Capítulo 149
(Juego Tembloroso y el Preludio de la Guerra (1))
Dejando atrás a los sirvientes, que permanecían inmóviles como aturdidos, el Duque Madeleine apretó los dientes y subió corriendo las escaleras. La voz de Jade gritó con fiereza y le azotó el oído con el duque.
"¡La presencia de Olivia en el palacio imperial no es voluntaria!"
Anoche, Jade no estaba solo cuando regresó a la mansión a última hora de la mañana. Eran cuatro: dos caballeros de aspecto terrible, pero con ojos feroces, un caballero de ojos verde claro y una persona que apenas respiraba. El duque notó que tres de los cuatro estaban aprisionados y Jade gritó como un loco. Mientras los sirvientes del duque salían uno a uno ante el fuerte ruido, Jade gritó con la mirada entrecerrada. El príncipe amenazó a los caballeros de Vikander. Así que fue al palacio imperial...
Como si no pudiera soportar continuar, se mordió los labios. En cuanto dedujo el resto de las palabras entrecortadas, duque Madeleine, Giovanni perdió la mente y se quedó aturdido. Y en ese momento, oí una voz mezclada con llanto en mi oído, que parecía húmedo.
"¡Cómo...! ¡Es por mi culpa!"
Ezela, que evitaba incluso encontrarse cara a cara con su padre, bajó corriendo las escaleras llorando. Y él se aferró a Giovanni delante de muchos sirvientes. Confundidas, Verónica y su doncella Sally entraron corriendo e intentaron levantarla, pero fue inútil.
"Padre, por favor. Entregué una carta de Su Alteza el Príncipe Heredero a mi hermana.”
Por primera vez, Giovanni pensó en Olivia, que estaría lejos, en lugar de en su hija, que se entristecía incluso por una gota de lágrima. La niña que conoció a la emperatriz y que estaba tan asustada, la niña que ahora está en el palacio imperial bajo la presión del príncipe...
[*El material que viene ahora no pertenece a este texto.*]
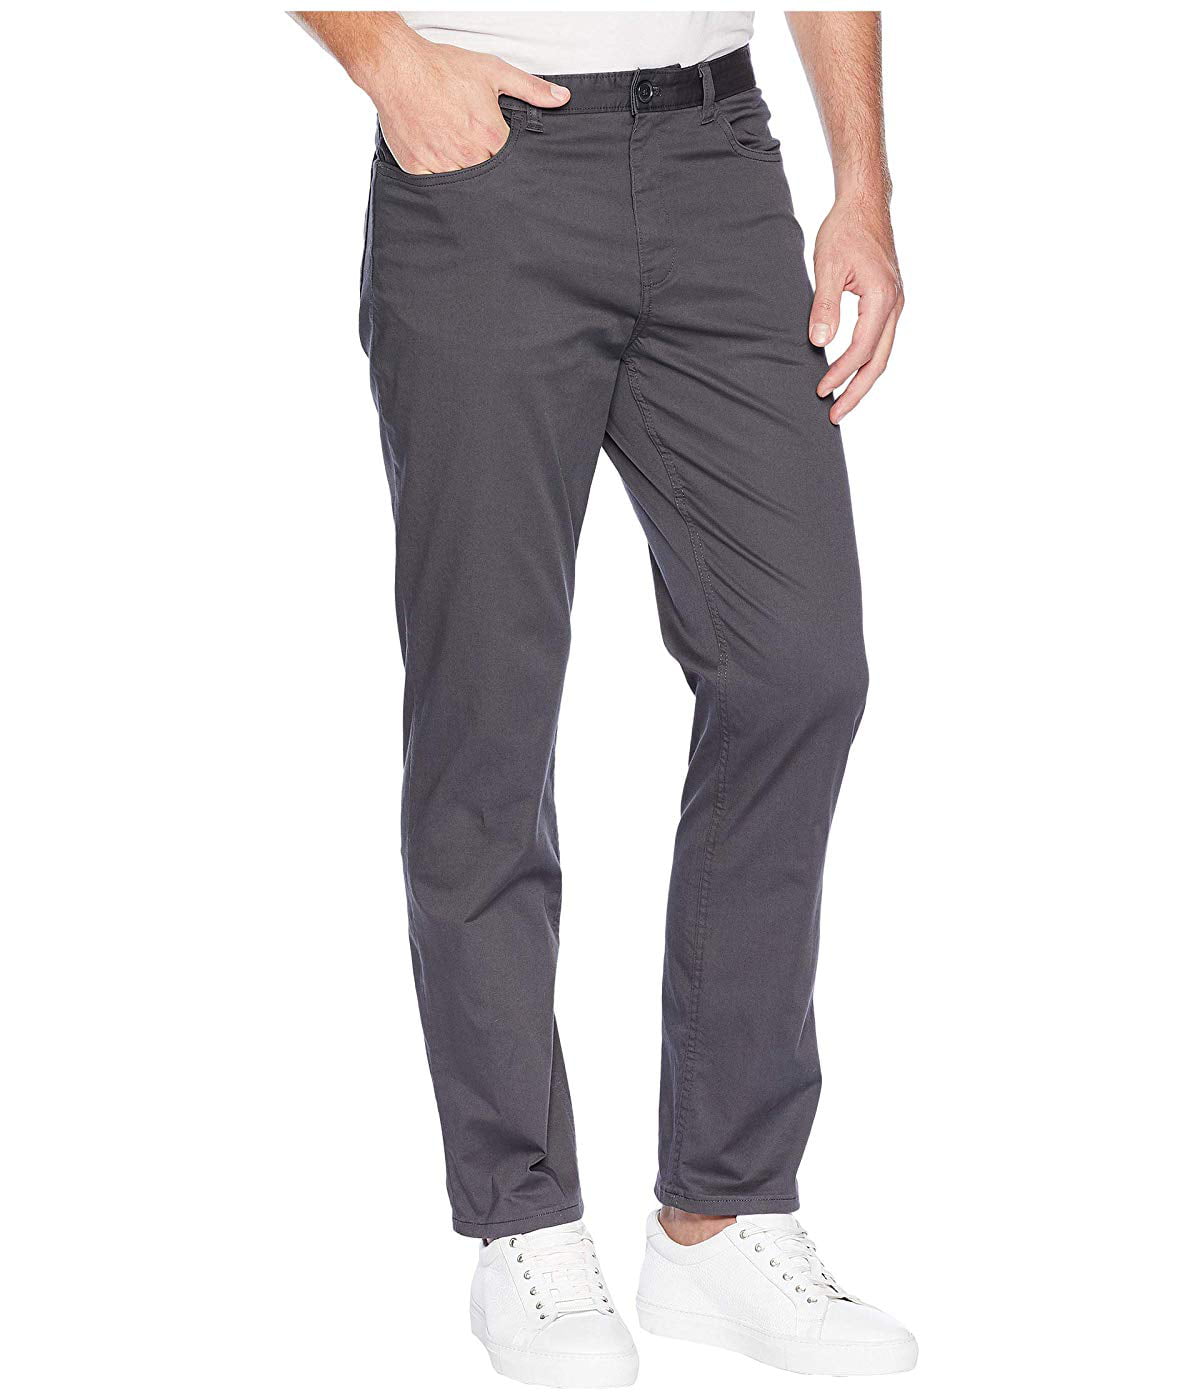 Calvin Klein Men's Authentic 5 Pocket Pants - Slim Fit, Asphalt, 36X34 -

"Si no lo haces, realmente matarás a todos."
Al recordar el rostro que ni siquiera podía llorar con su voz húmeda, Giovanni sintió una punzada como si le hubieran arrancado el corazón. Tienes que salvarlo. Al menos una vez, pensé que debía hacer lo que pudiera en lugar de arrepentirme. Y Giovanni, al igual que Conrad y Jade, eran claramente conscientes de que este era el momento... Cuando el duque pidió audiencia, Leopold entró corriendo en la sala de la reunión. ¿Podría ser que el lugar al que se dirige la desaparecida Olivi? ¿El sorprendido duque vino a verme de inmediato? Pero tan pronto como se abrió la puerta del altar, Leopold notó que el duque, que... Ni siquiera se había cortado el pelo despeinado, abrió la boca apresuradamente.
“… Mi hija, ¿dónde está? ¡Su Alteza…!”
Esas palabras que brotan con amargura no benefician en absoluto a Leopold. El paradero de Olivia había vuelto al punto de partida. ¿Y si era un lugar donde ni siquiera los magos podían rastrearlo…? Después de todo, era Vikander. Así que Leopold decidió aprovechar el momento con agilidad. Rápidamente giró la cabeza y pronunció las palabras.
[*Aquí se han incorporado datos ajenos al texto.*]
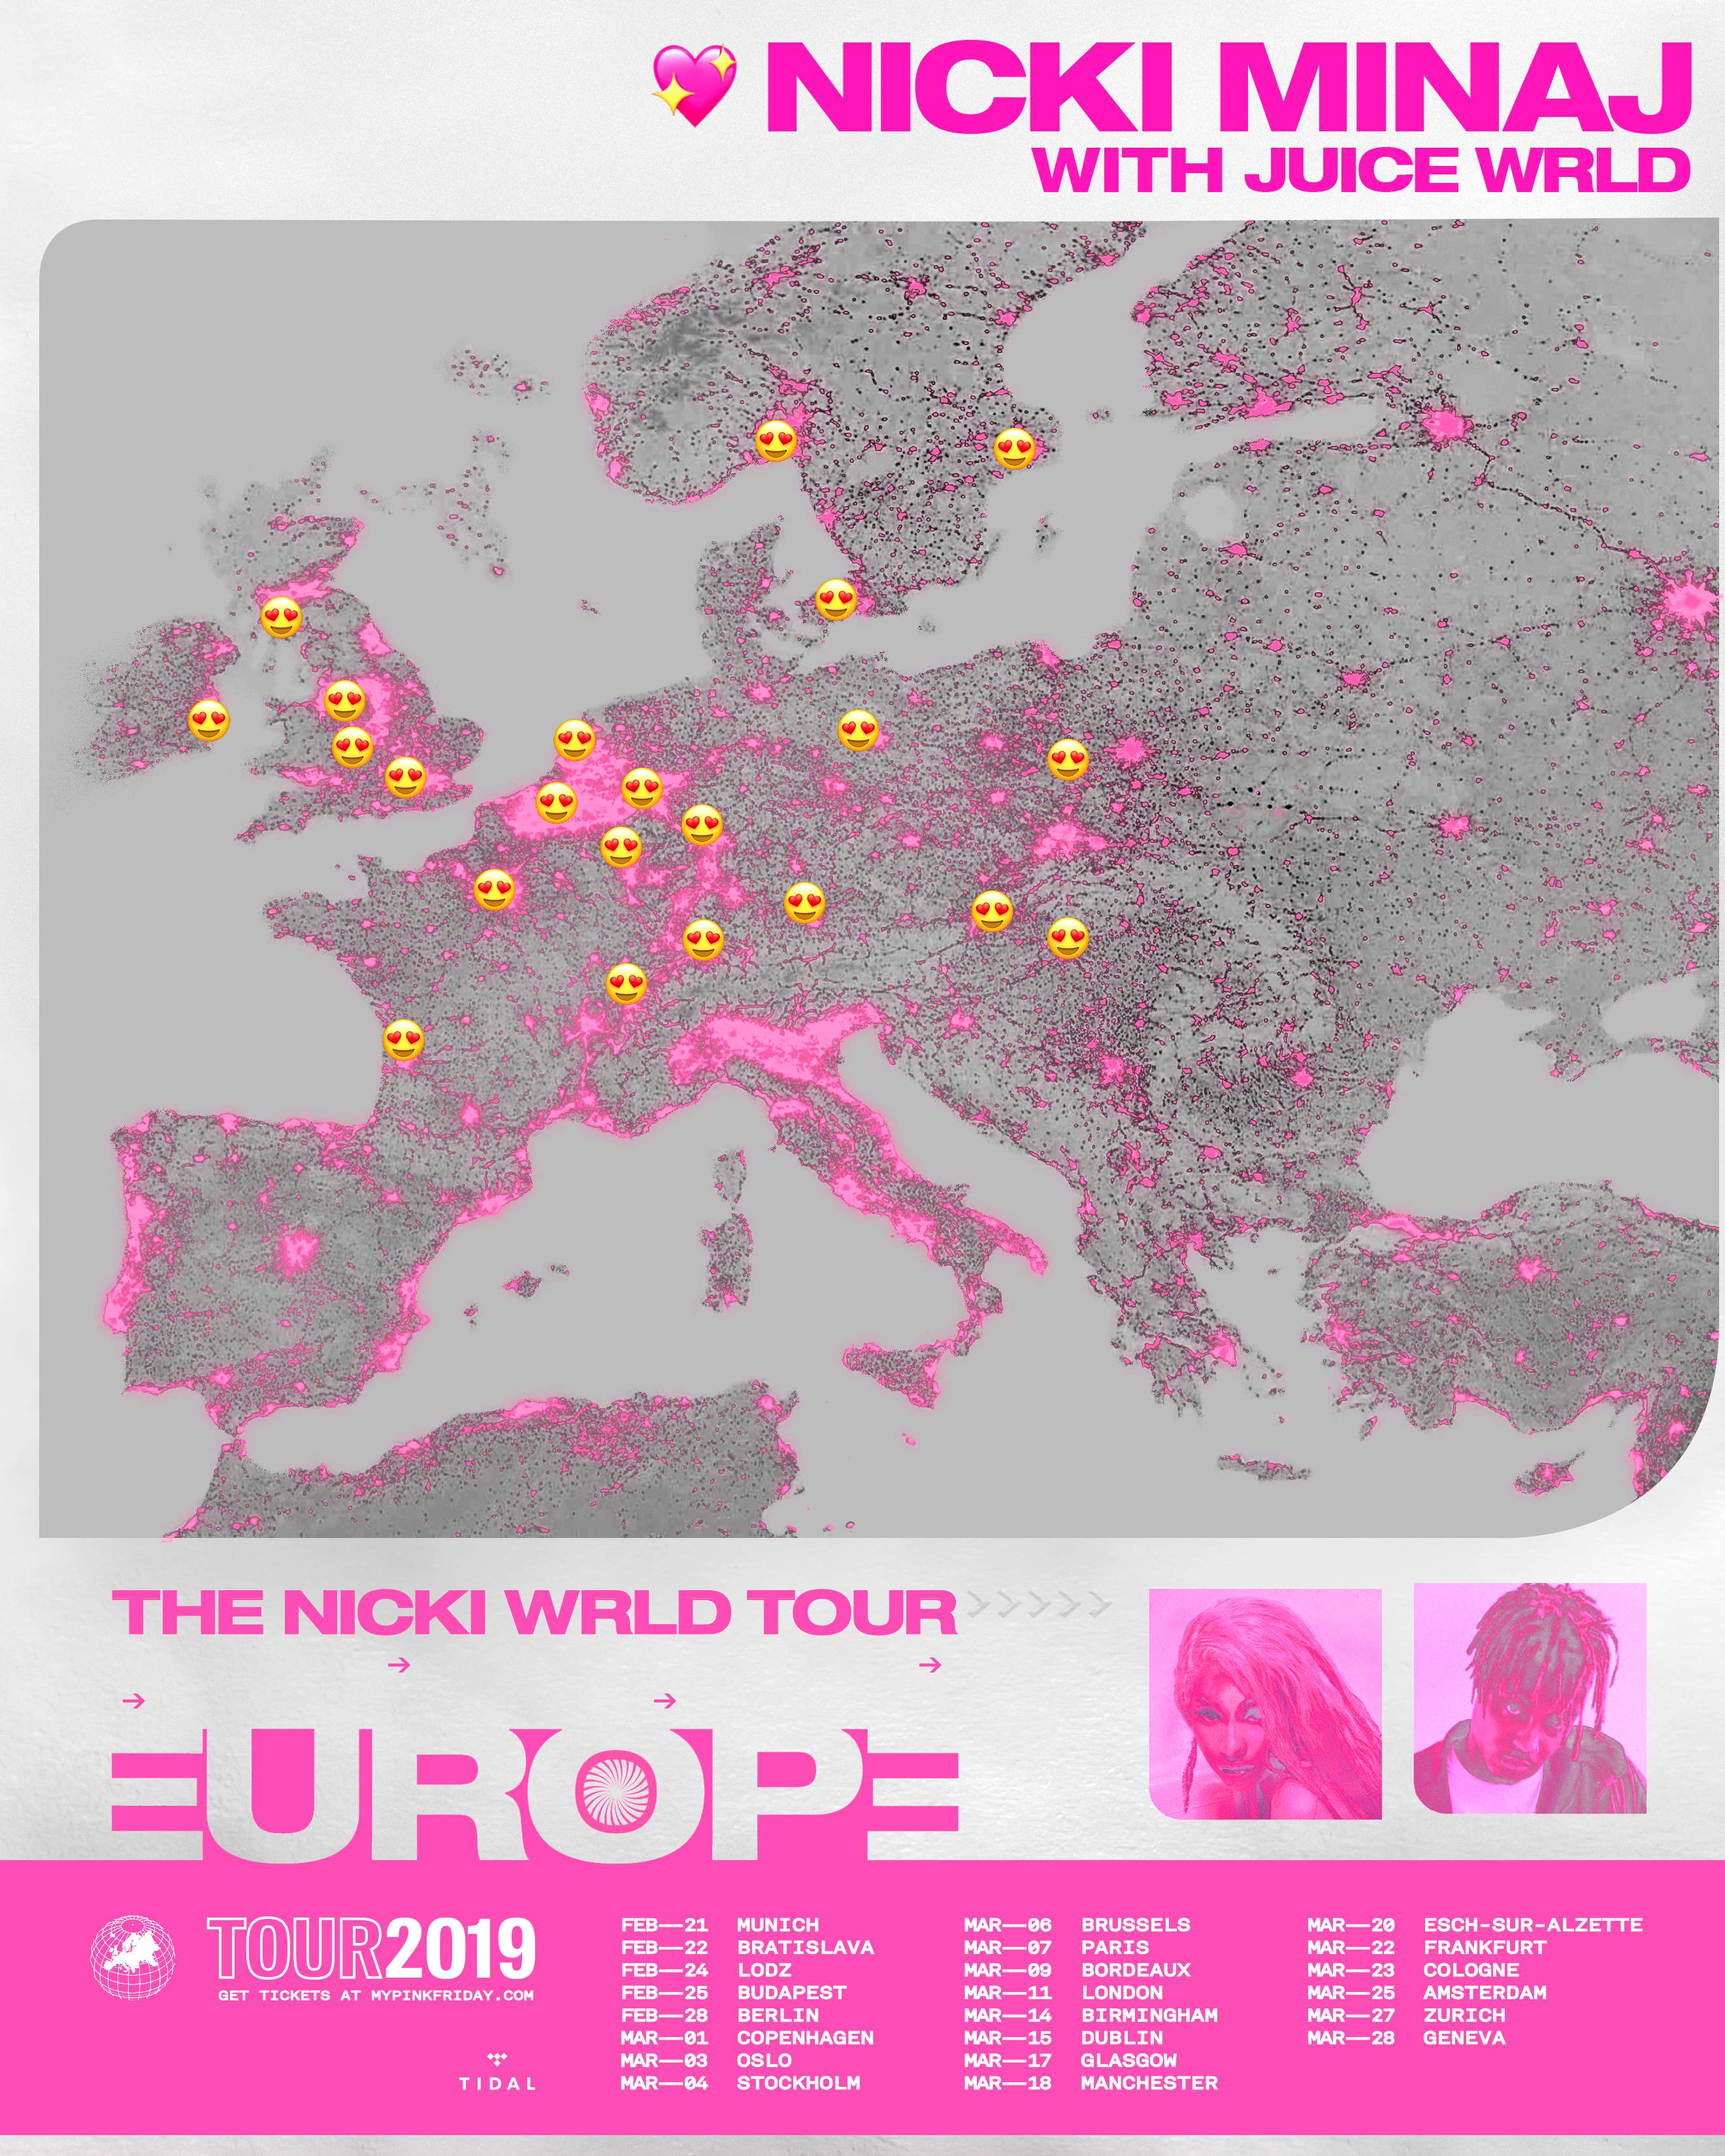 Nicki Minaj Announces Juice WRLD to Replace Future on European Tour Dates

“… La princesa, que será mi lluvia y tu hija…”
Sus ojos ansiosos se volvieron hacia Leopold. Leopold cerró los ojos ligeramente.
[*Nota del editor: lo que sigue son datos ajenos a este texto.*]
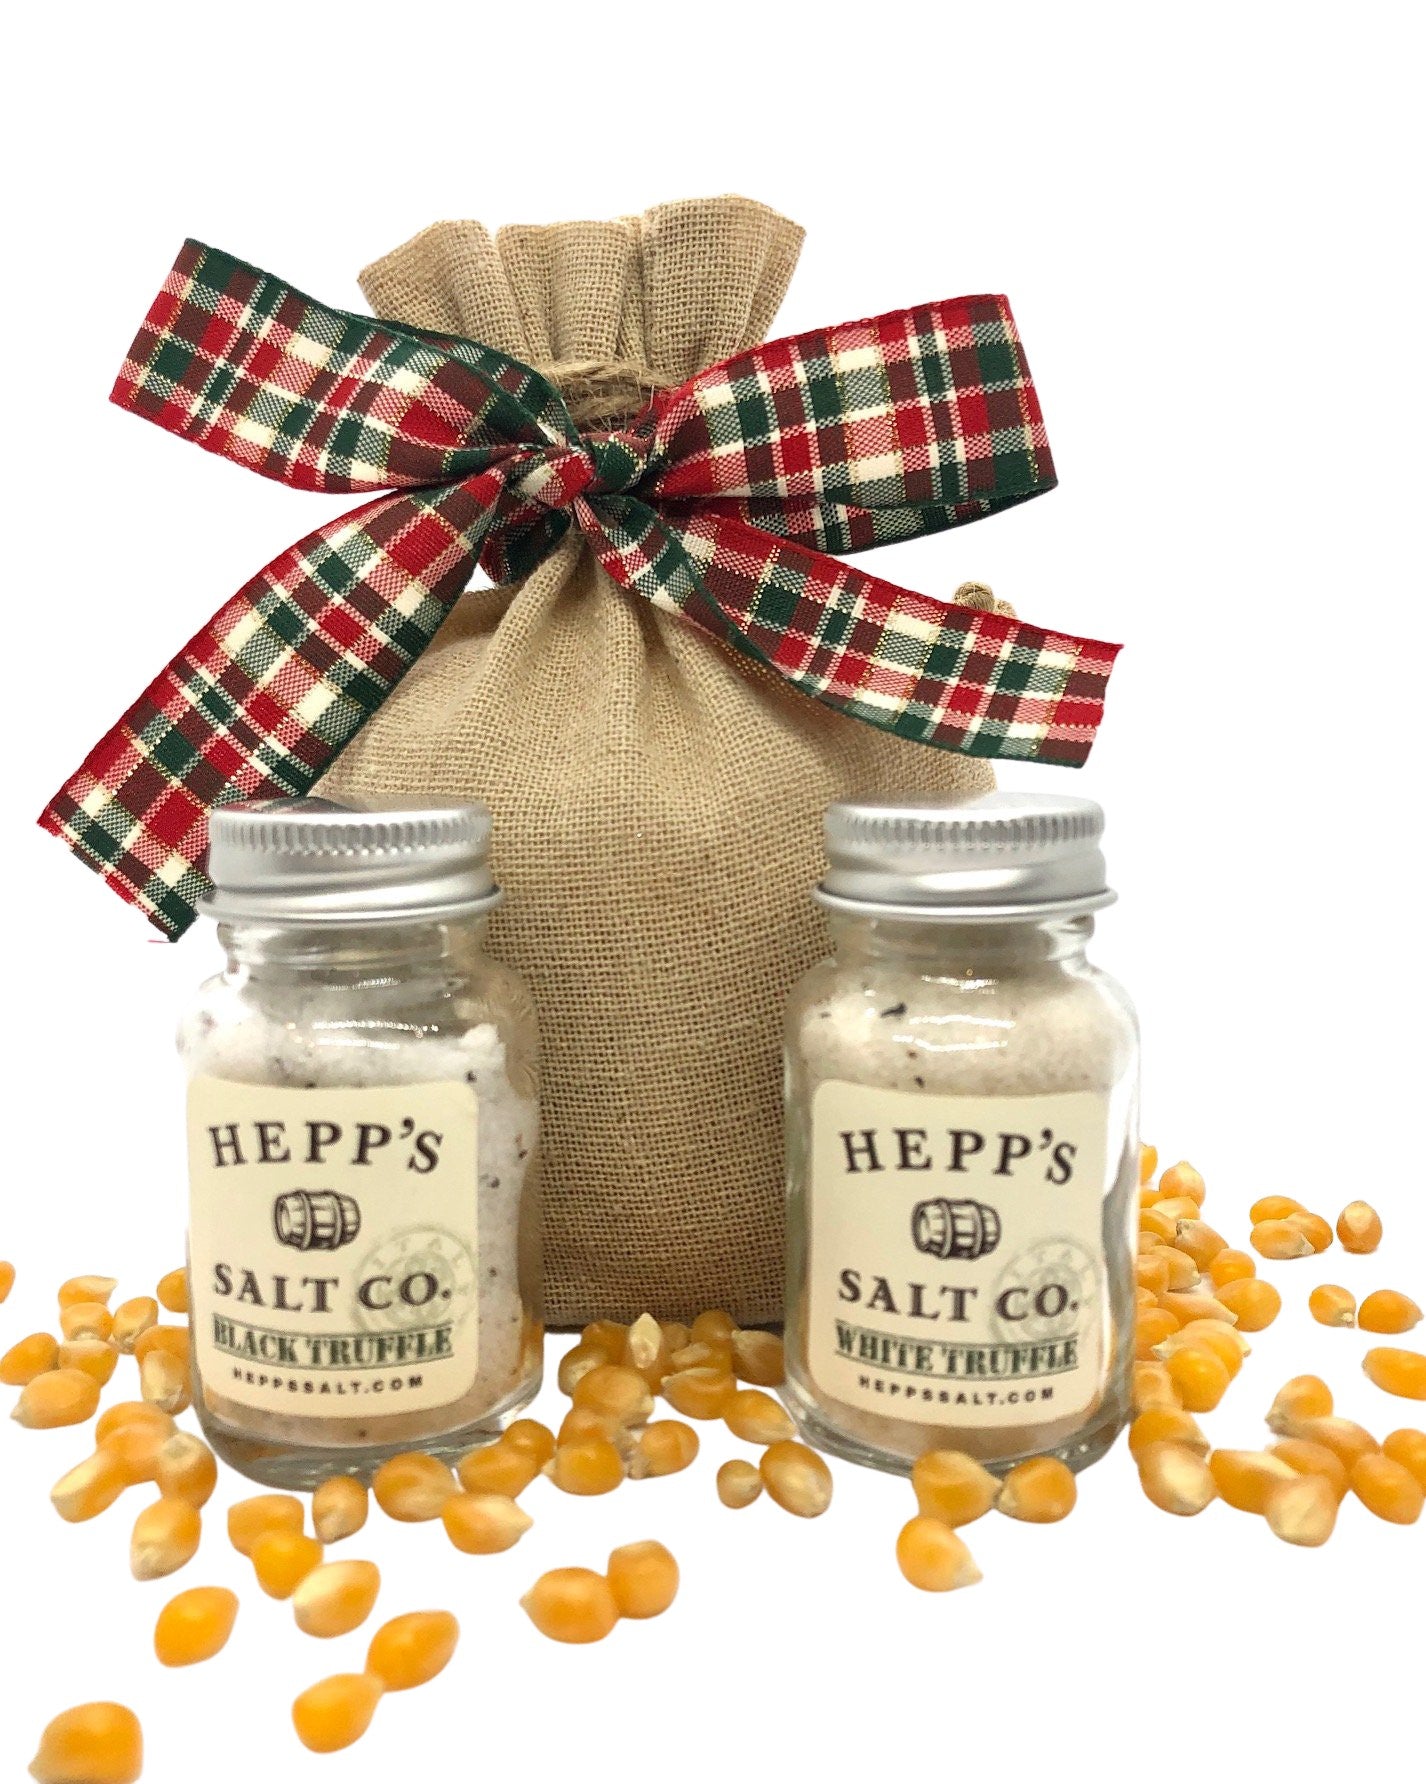 HEPPS Truffle Popcorn Kit - HEPPS SALT CO.

“…La secuestraron en este momento.”
“¡Su Alteza!”
“Vikander…”
En un instante, los ojos del duque se abrieron de par en par como si hubiera recibido un disparo repentino. Al ver las intensas emociones que revelaba un duque de sangre férrea, Leopold frunció el ceño y sonrió para sus adentros. Me gusta ser tan emotivo ahora.
"... Por el Gran Duque."
Por muy emotivo que sea, sería bueno tenerlo en tus manos y usarlo a voluntad. Leopold agitó su pañuelo blanco como para cubrirse la boca antes de que el duque, que solo hacía pucheros, pudiera hablar más.
"No solo eso. Vikander me lo tiró."
Ahora, tenía que ser la intención de Vikander, no de Olivia, quien me lanzó el pañuelo. Sus brillantes ojos azules recitaban con evidente odio.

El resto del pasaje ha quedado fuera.